The papers are open for research.
Copyright held by the donor has been transferred to the University of Iowa.
In Box 2.
Processed by:
Heather Stecklein, 2002. [WescottLois.doc]


Lois Regina Wescott, geologist and genealogist, was born in 1916 to Roy and Geneva Moolick Wescott in Hampton, Iowa. Wescott had two older siblings, Gwendolyn and Verne, and a younger brother Eugene born when she was fifteen. Within a year of Eugene’s birth, Wescott’s father died.

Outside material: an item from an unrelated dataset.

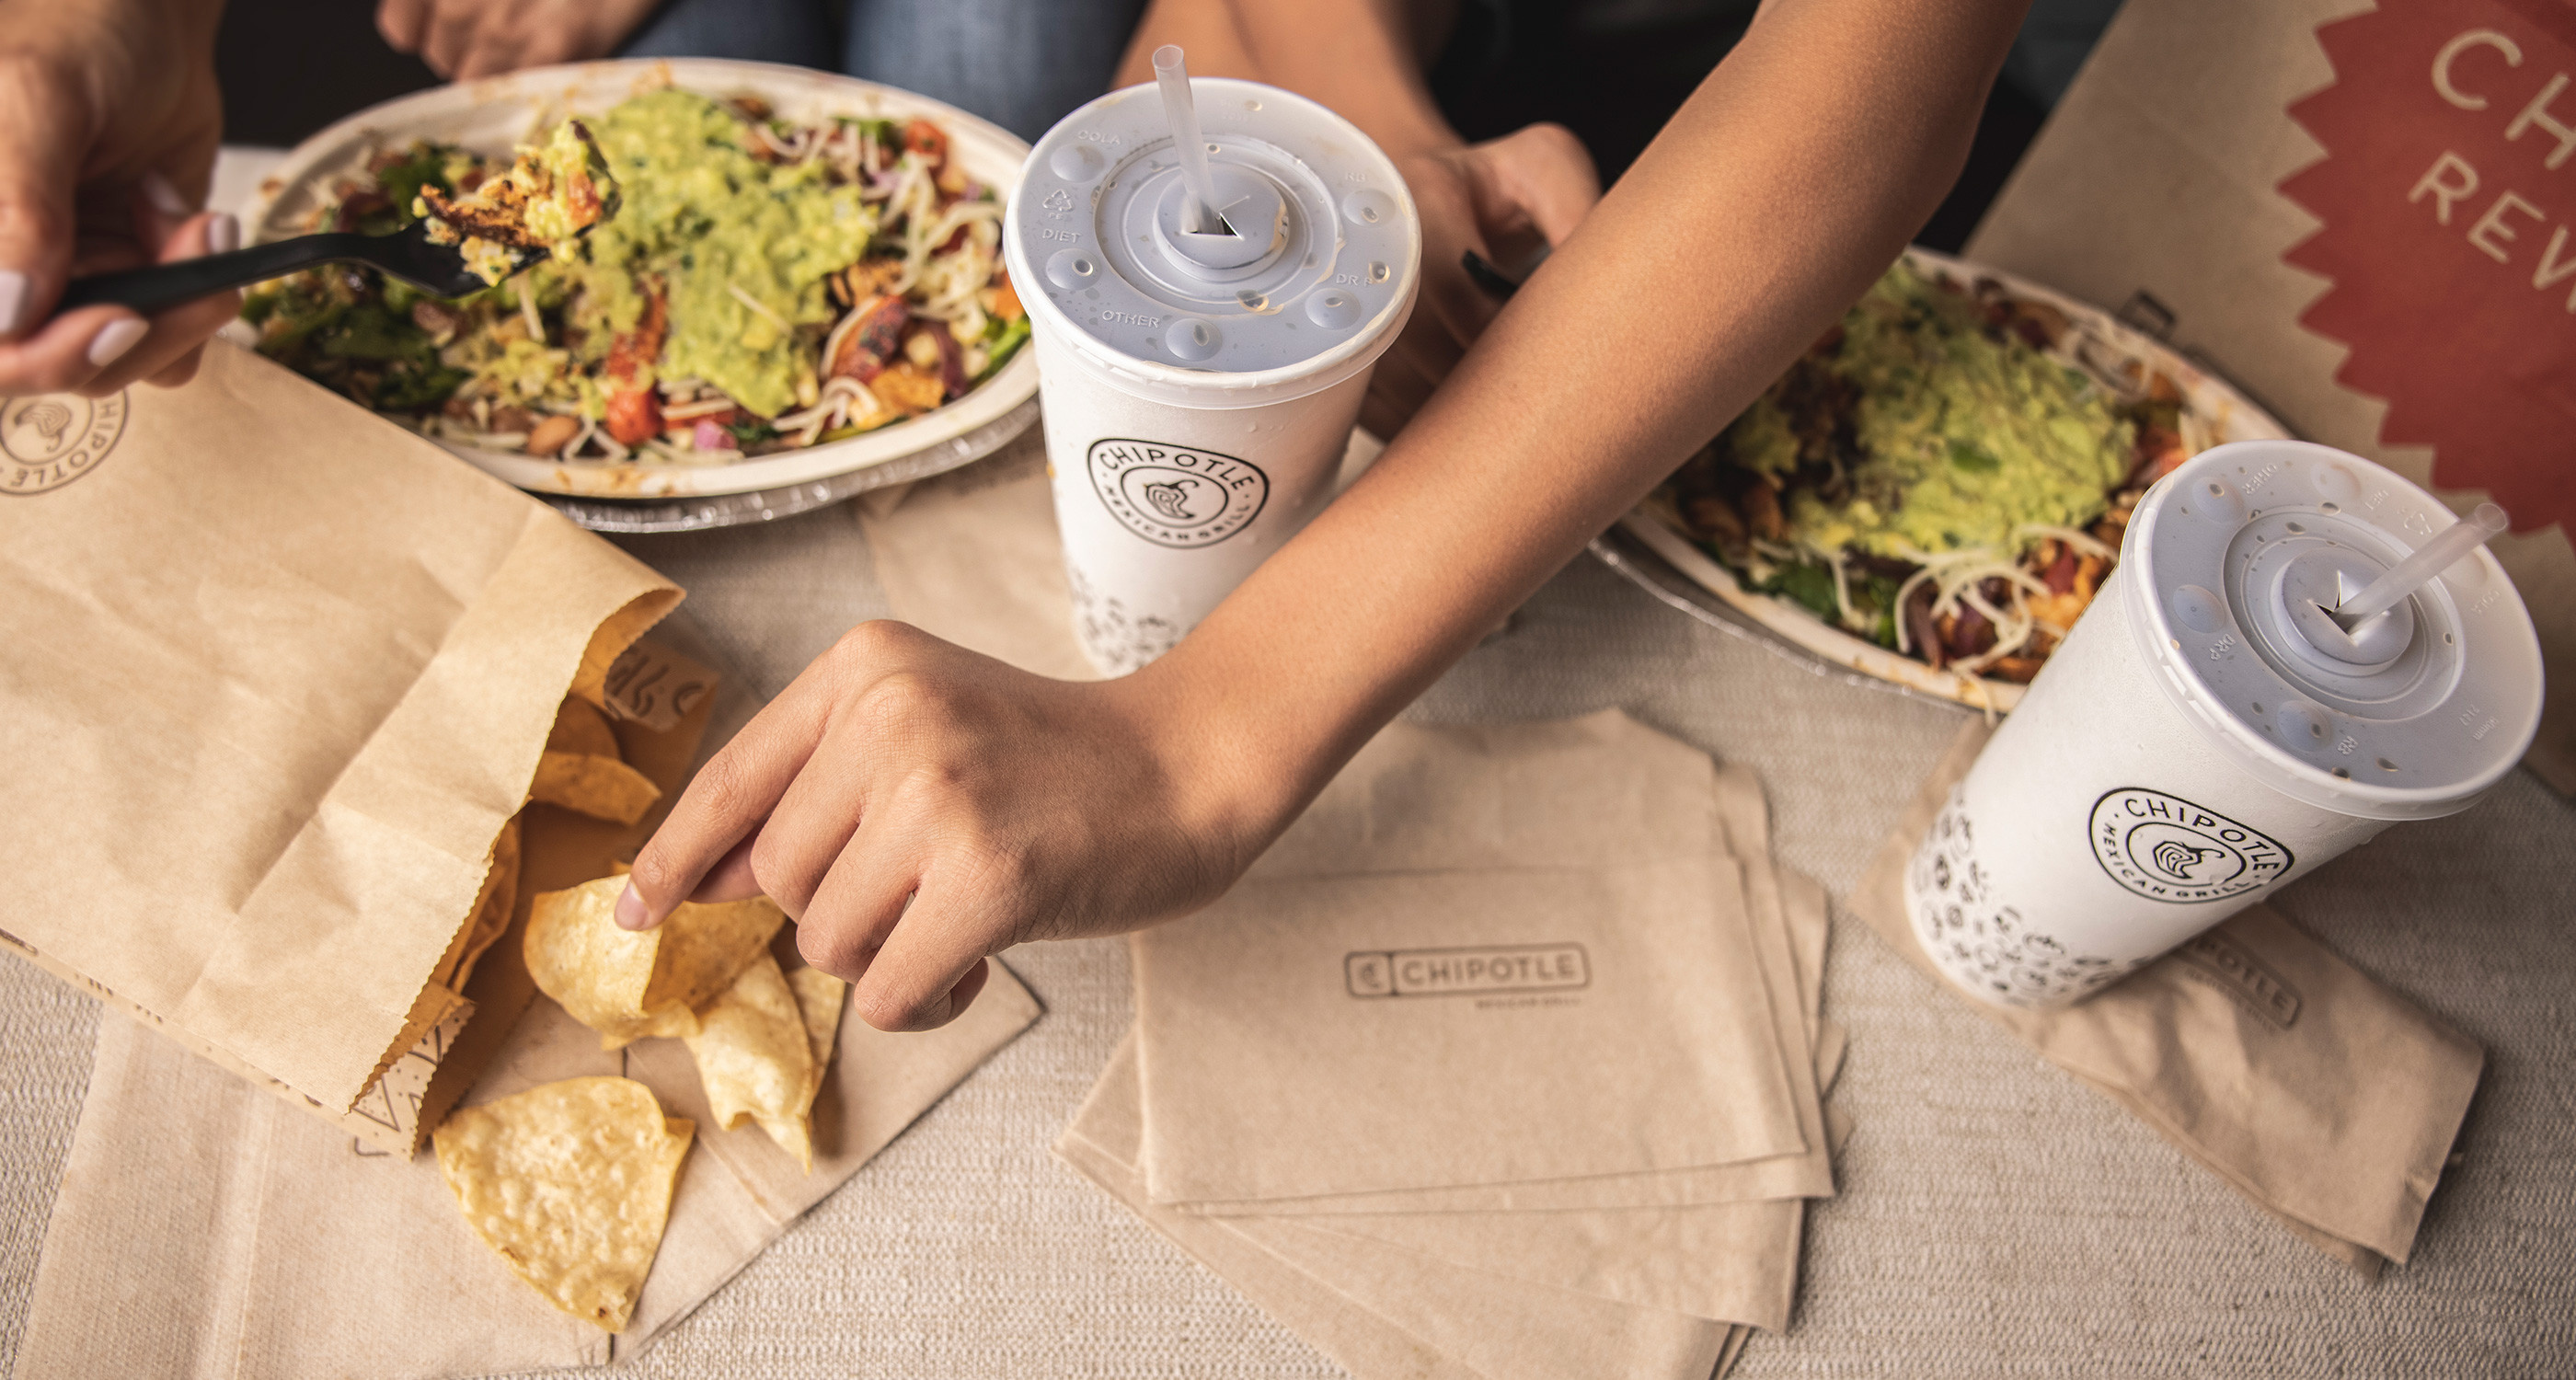 Chipotle: Fresh Mexican food restaurants throughout the U.S., Tortilla chips, Sodas, Fruit and tea drinks. 2800x1500 HD Background.

Lois Wescott completed high school and taught at a school near Hampton for several years before enrolling at the University of Iowa. Wescott, who spent so much time examining rocks that her friends nicknamed her “Rocky,” pursued a degree in geology. She was the only woman to receive a degree in geology in 1941. Following graduation, Wescott received a full scholarship to the University of Denver for graduate study. When her advisor, Dr. Margaret Boos, left the university to assist with the war effort, Wescott determined that it would be too difficult to complete her master’s degree. She secured a job with Atlantic Refining Company in Tulsa, Oklahoma, and worked for oil companies in Caracas, Venezuela, and New Orleans before her daughter, Thyria Kathleen Wilson, was born in 1952.

Following her daughter’s birth, Wescott could no longer find employment in the United States, so she worked in Japan as a geologic editor from 1952 to 1954. She returned to the United States and edited a journal for the School of the Mines in Golden, Colorado, from 1955 to 1956. She obtained a position as an atmospheric science technician at the National Atmospheric and Oceanic Agency in 1957 and remained there until she retired in 1980.

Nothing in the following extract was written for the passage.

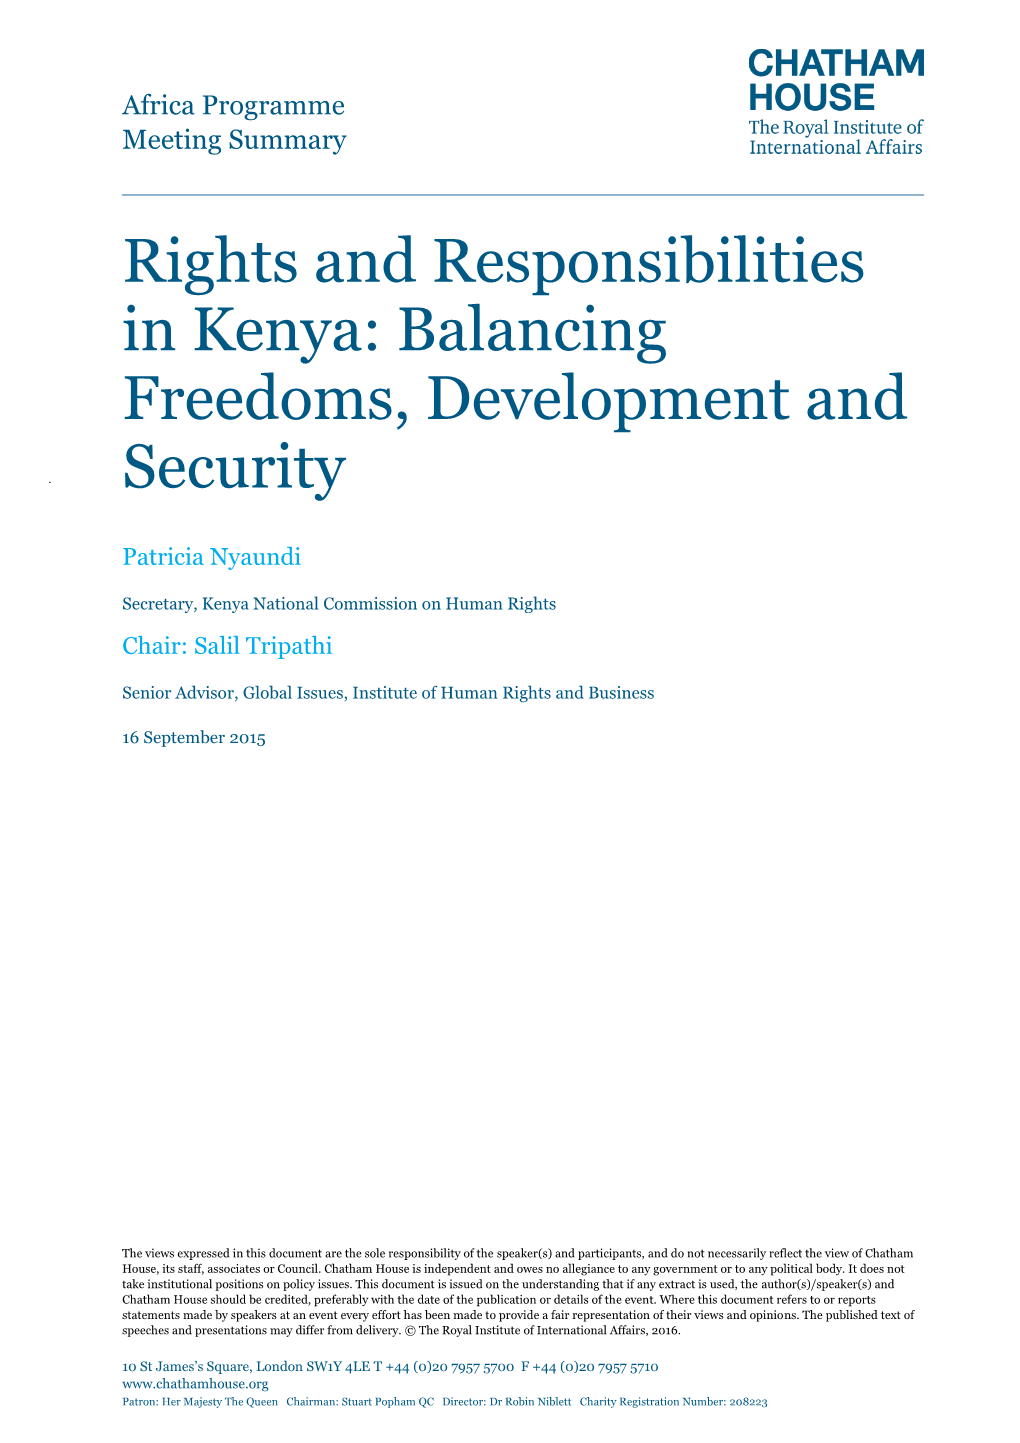 Rights and Responsibilities in Kenya: Balancing Freedoms, Development and Security

Once retired, Wescott moved to Canyon Pointe senior housing in Boulder, Colorado, where she edited the Canyon Pointe Chronicle monthly newsletter. She also became involved in genealogy and wrote a number of family histories.

Scope and Content Note

The Lois Wescott papers date from the 1860s to 2001 and measure 10 linear inches. They are arranged in five series: Biographical, Family, Canyon Pointe Chronicle, Slides, and Photographs.

The Biographical series includes Wescott’s baby book, which mentions the family’s bout with influenza in 1918; Wescott’s seventh grade report on transportation; a book on flowers Wescott used while teaching school; and a reference spelling book Wescott used while editing the journal for the School of the Mines in Colorado. The “General” folder contains notes written by Wescott’s daughter, Thyria Kathleen Wilson, which describe Wescott’s life and provide details on some of the items in the collection; an article about the Atlantic Refining Company published in 1947 in The Atlantic Magazine, which includes a photo and short profile of Wescott; a banner given to Wescott upon her retirement from the National Atmospheric and Oceanic Agency in 1980; and Wescott’s 1928 American Red Cross swimming badges.

The Family series includes correspondence between members of the Wescott family including Lois Wescott, her sister Gwendolyn, her mother Geneva, her brother Eugene, and her maternal grandmother Ada Mae Wescott. In addition, the series includes family histories and memoirs written by Lois Wescott and her sister Gwendolyn.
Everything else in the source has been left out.